### Input data
* * * *
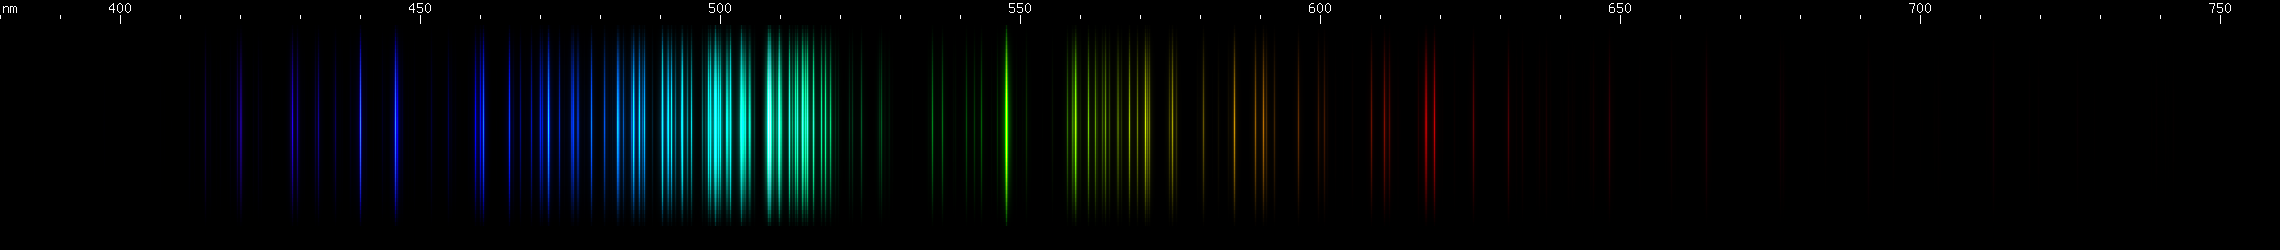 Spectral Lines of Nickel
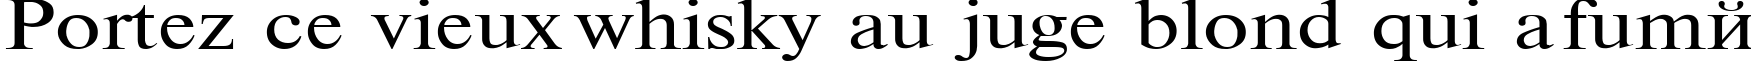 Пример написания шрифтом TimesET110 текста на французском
* * * *
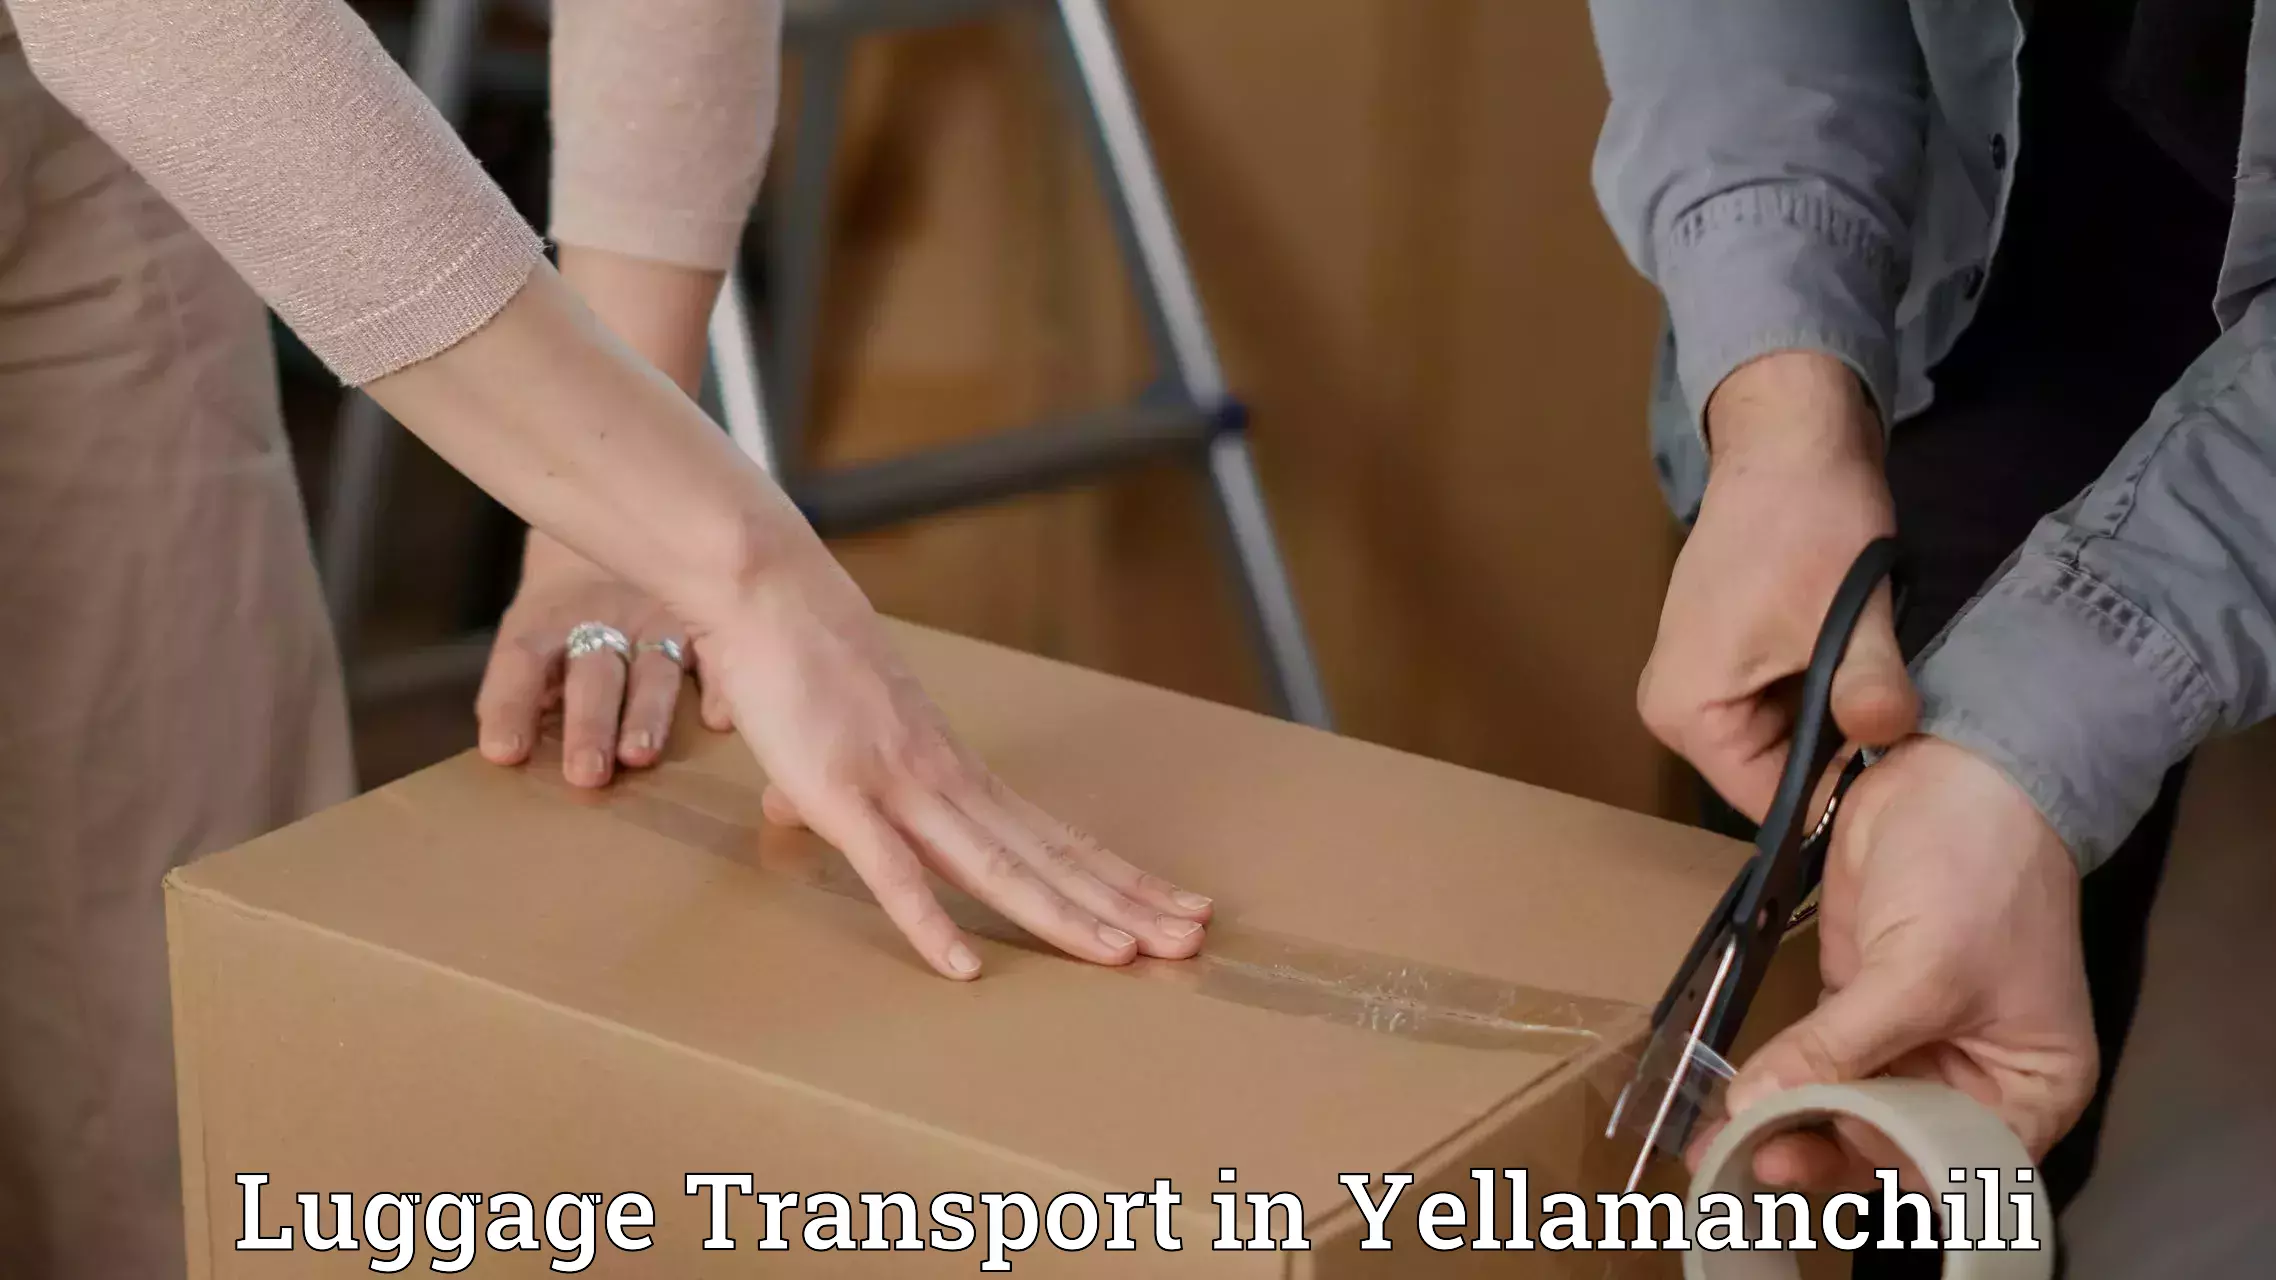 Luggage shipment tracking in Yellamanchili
* * * *
### Work order
Each line above starting at the one holding "Spectral Lines of Nickel" and ending at the one holding "Пример написания шрифтом" should be set down exactly as it stands, both ends included, with no pictures.

### Solution below
 Spectral Lines of Nickel
 Пример написания шрифтом TimesET110 текста на французском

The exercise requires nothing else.